Sofort wieder in ein Rallyeauto zu steigen, wäre auch für Marc Surer der einzige Weg gewesen, die Laufbahn nach seinem Unfall von der Rallye Hessen 1986 fortzusetzen. Damals verlor Beifahrer Michel Wyder sein Leben, Surer selbst erlitt schwerste Verbrennungen. "Ich habe ein Jahr gebraucht, bis ich wieder einigermaßen gesund war", blickt der Schweizer zurück. Der zum damaligen Zeitpunkt bereits zwei schwere Unfälle in der Formel 1 hinter sich hatte und Rallyes eigentlich nur als zweites Standbein neben seinem Job als Grand-Prix- Pilot bei Arrows sah.

Liebäugeln mit einem Ford-Cockpit

"Während meiner Genesung hatte ich viel Zeit, über alles Mögliche nachzudenken", erzählt Surer, für den der DM-Lauf in Hessen sein zwölfter Start abseits der Formel 1 war. "Man hat als Fahrer nicht nur Verantwortung für sich selbst, sondern auch für den Beifahrer. Das ist ein großer Unterschied zu Rundstreckenrennen, wo du jedes Risiko nur für dich alleine eingehst."

Marc Surer beendete nach dem Unfall seine Karriere offiziell, zur "Hälfte aus medizinischen, zur Hälfte aus psychologischen Gründen". Er glaubt nicht, daß er nach einem Jahr Pause noch den für professionellen Motorsport nötigen Ehrgeiz und die Risikobereitschaft aufgebracht hätte. "Entweder du steigst sofort wieder ins Auto oder nie wieder", ist der 54jährige überzeugt. Heute arbeitet er als TV-Kommentator in der Formel 1. In ein Rallyeauto setzte er sich erst 15 Jahre nach dem fatalen Crash wieder – bei einem Test für eine Fernsehsendung. Nur zum Spaß bestreitet er noch kleinere Rennen.

So soll die Zukunft für Markko Märtin nicht aussehen. Der Este will 2006 unbedingt in die WM zurückkehren. Weil sich sein bisheriger Arbeitgeber Peugeot zum Jahresende aus der WM zurückzieht, liebäugelt Märtin mit einem Wechsel zu Ford. Im Focus fuhr er schon von 2002 bis 2004 und gewann fünf WM-Rallyes.

Allerdings ist die Lage auf dem Arbeitsmarkt Rallye-WM angespannt. Wegen des Ausstiegs von Peugeot und Konzernschwester Citroën fehlen 2006 vier Werkscockpits. Und so zynisch es auch klingen mag, durch seinen Verzicht auf die letzten vier Rallyes in diesem Jahr hat Märtin seine Chancen auf ein Werkscockpit nicht unbedingt verbessert.

Keine Erinnerungen an den Unfall

Markko Märtin kann sich nur bruchstückhaft an die entscheidenden Sekunden am Morgen des 18. September 2005 bei der Rallye Großbritannien erinnern. "Ich weiß noch, daß ich gemerkt habe, daß wir zu schnell sind und von der Straße abkommen", rekapituliert der Peugeot-Werkspilot die Linkskurve in der 15. WP der Rallye. "Mir war klar, daß wir einen Baum treffen werden. Dann kann ich mich an nichts erinnern."
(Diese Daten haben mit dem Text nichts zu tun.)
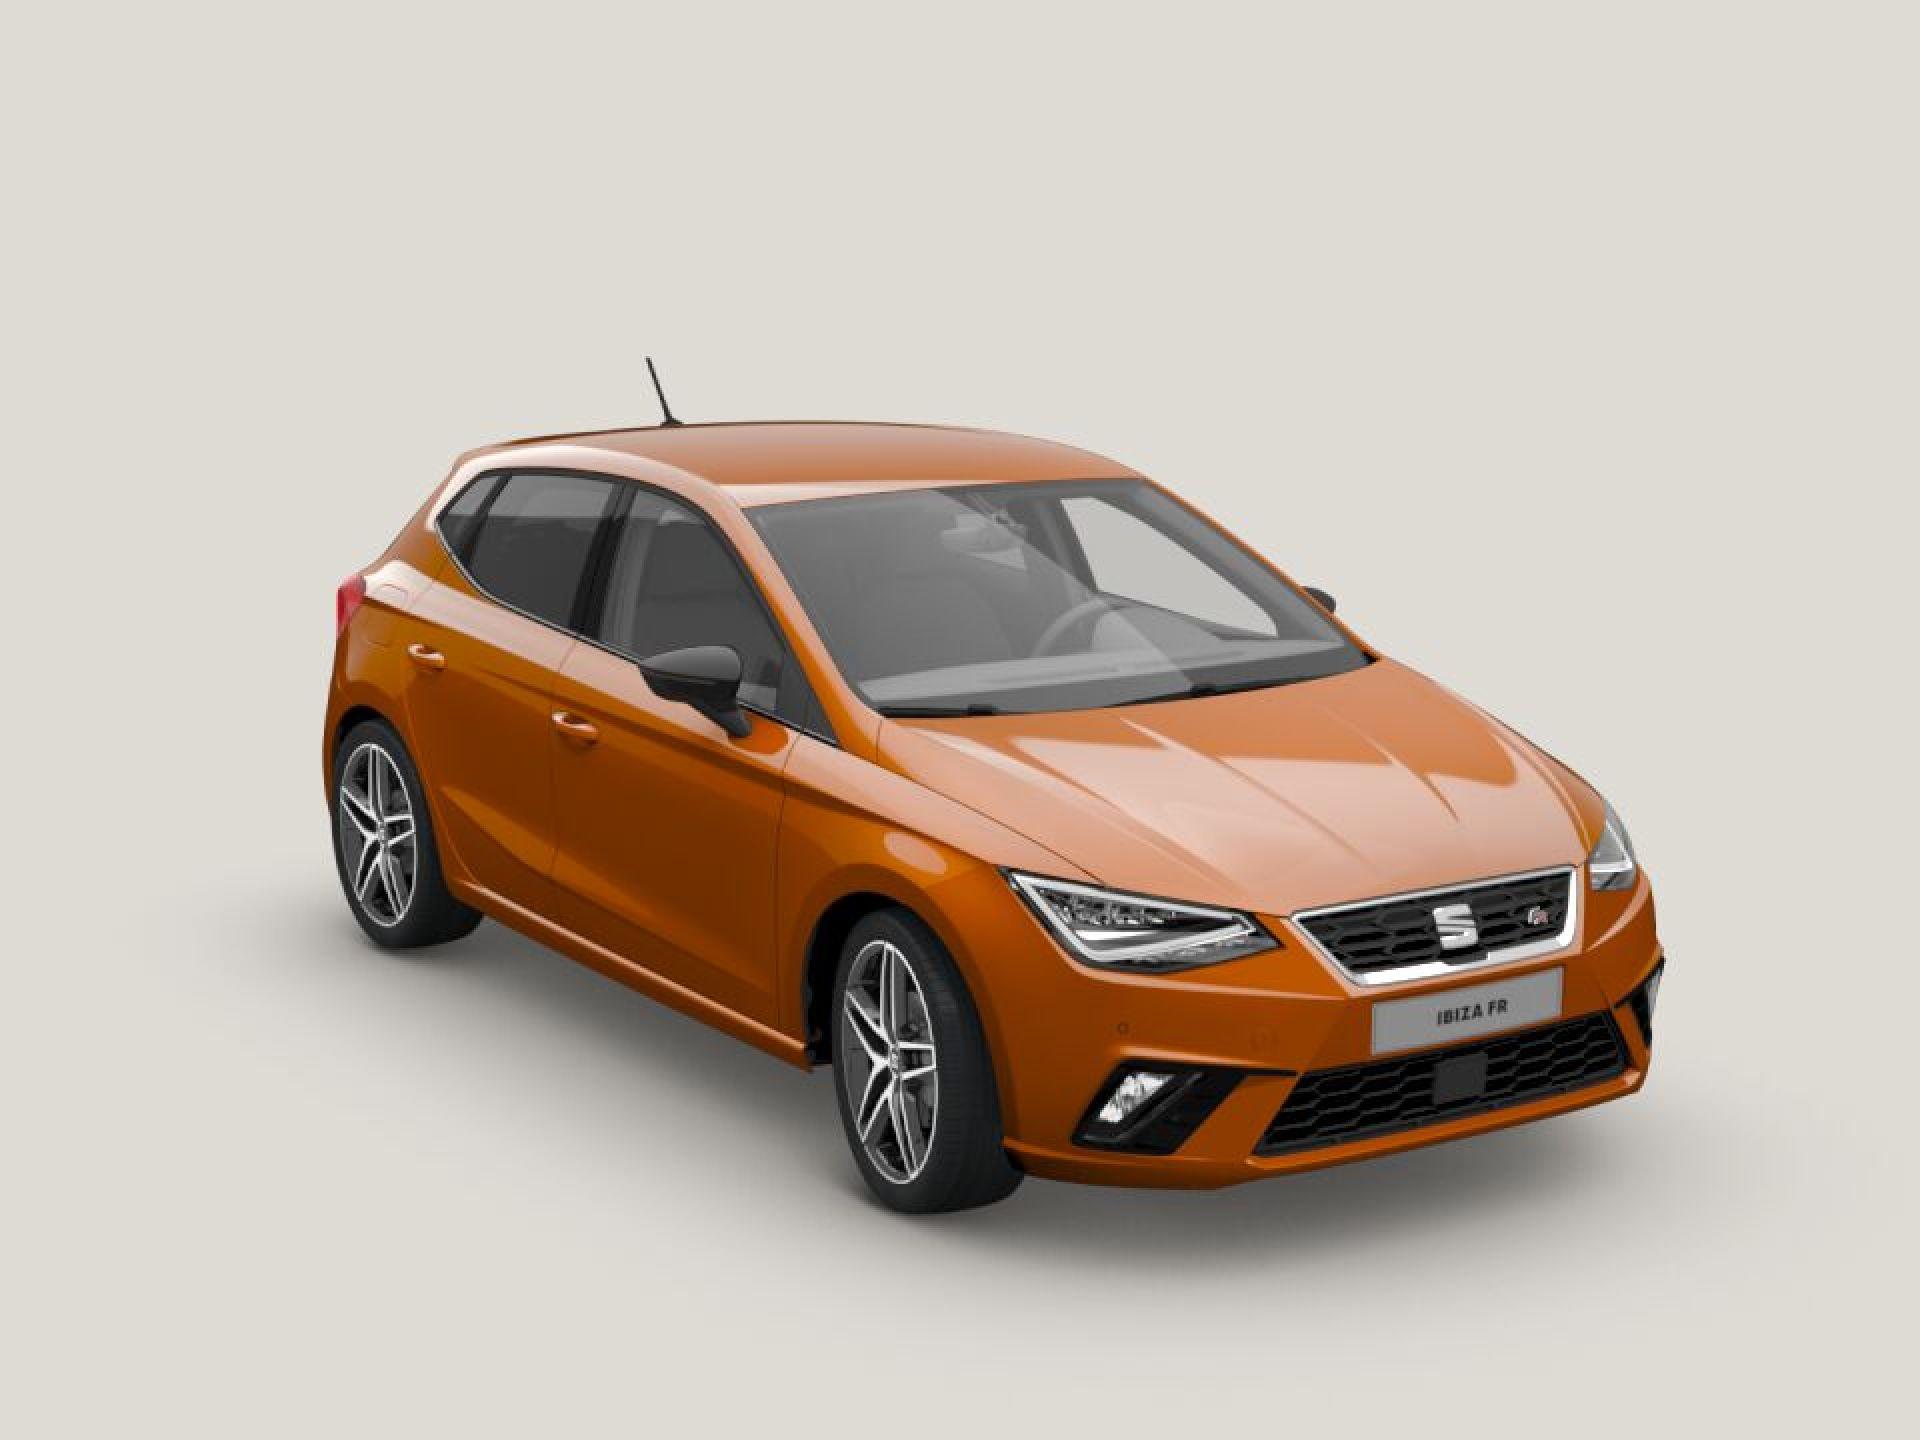 SEAT Ibiza 1.0 TGI 66kW (90CV) FR Eco Plus nuevo Madrid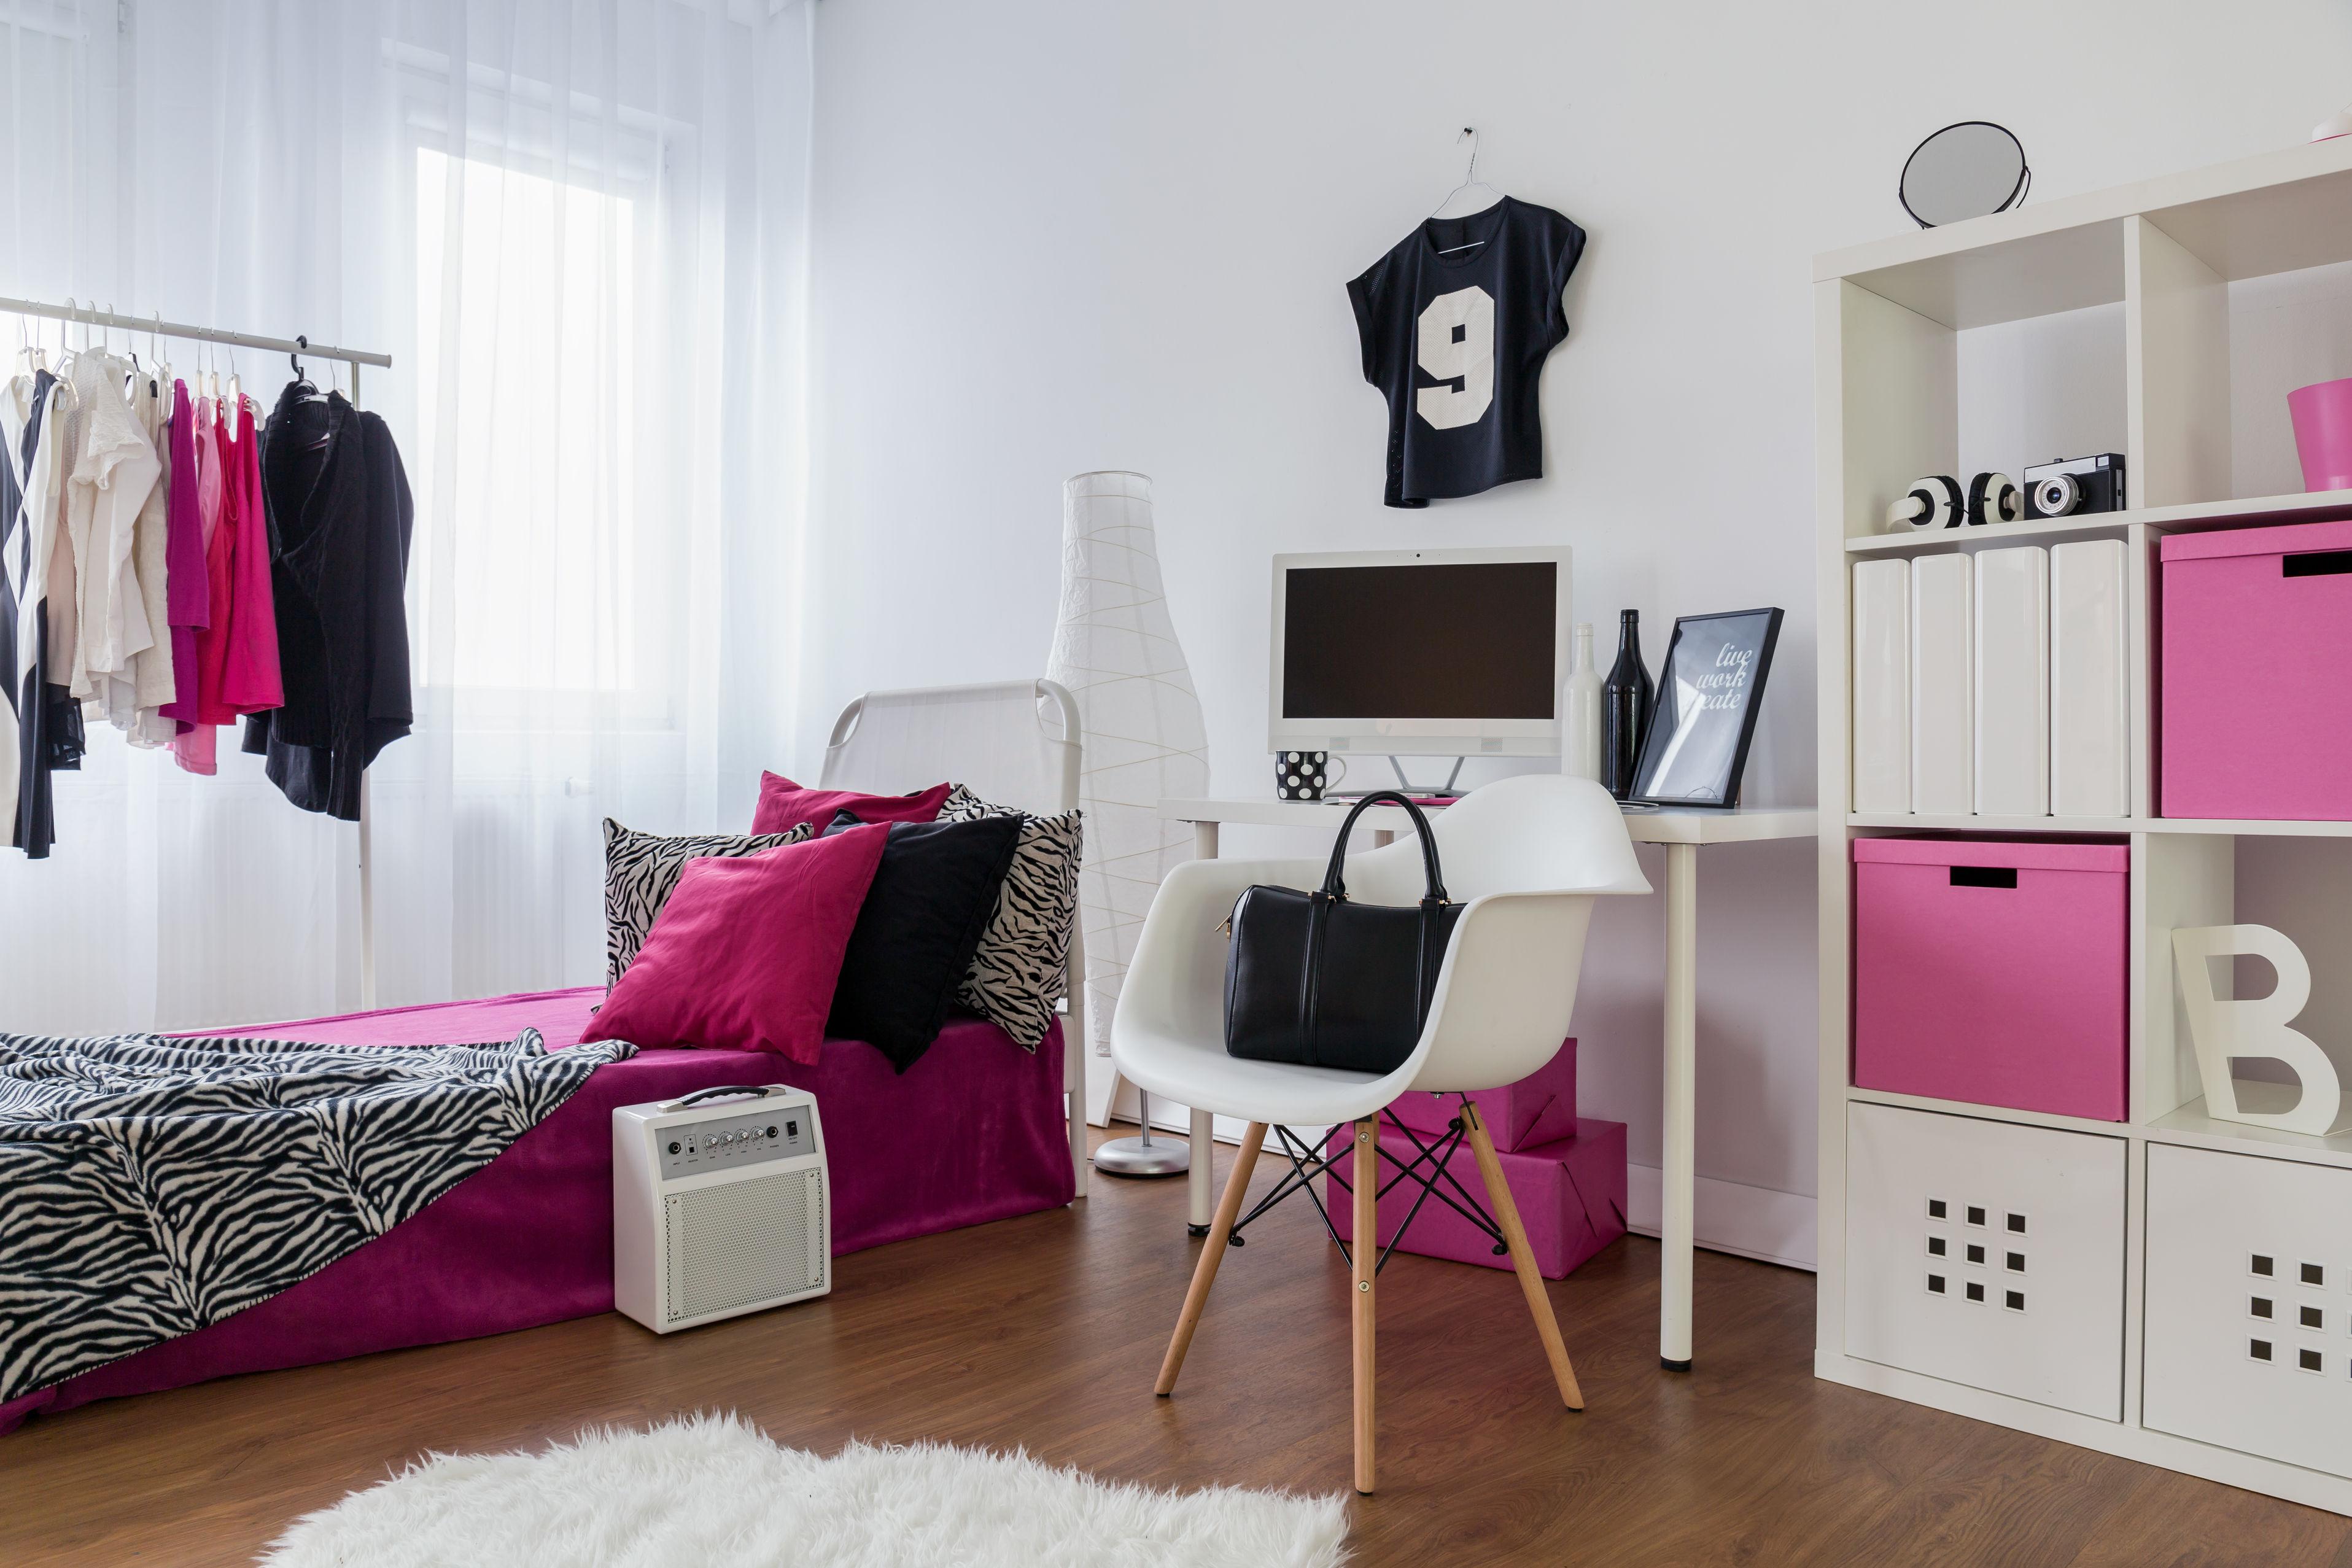 comment amenager une chambre d 39 ado le mag visiondeco. Black Bedroom Furniture Sets. Home Design Ideas

Der Peugeot 307 WRC prallte mit wahrscheinlich mehr als 100 km/h genau auf Höhe der rechten Tür gegen einen Baum. Beifahrer Michael Park wurde durch die Wucht des Aufpralls getötet. Sein Sitz war bis auf die Mittelkonsole verschoben. Märtin blieb bis auf Prellungen unverletzt.

Tödliche Rallye-Unfälle

31. Mai 1986: Marc Surer kämpft um den Sieg beim DM-Lauf Rallye Hessen. Auf dem Schottenring rutscht sein Ford RS 200 mit mehr als 200 km/h seitwärts in einen Graben. Von einem Baum wird das Auto in zwei Teile zerrissen und geht in Flammen auf. Surer wird herausgeschleudert und überlebt mit vielen Knochenbrüchen und Verbrennungen. Beifahrer Michel Wyde stirbt.

4. Juli 1997: Der Subaru von Armin Kremer/Sven Behling schleudert bei der Rallye Deutschland gegen einen Baum, überschlägt sich einen Abhang hinunter. Kremer kann sich aus eigener Kraft befreien. Medizinstudent Behling ist vermutlich bewußtlos. Als das Fahrzeug Feuer fängt, kommt jede Rettung zu spät.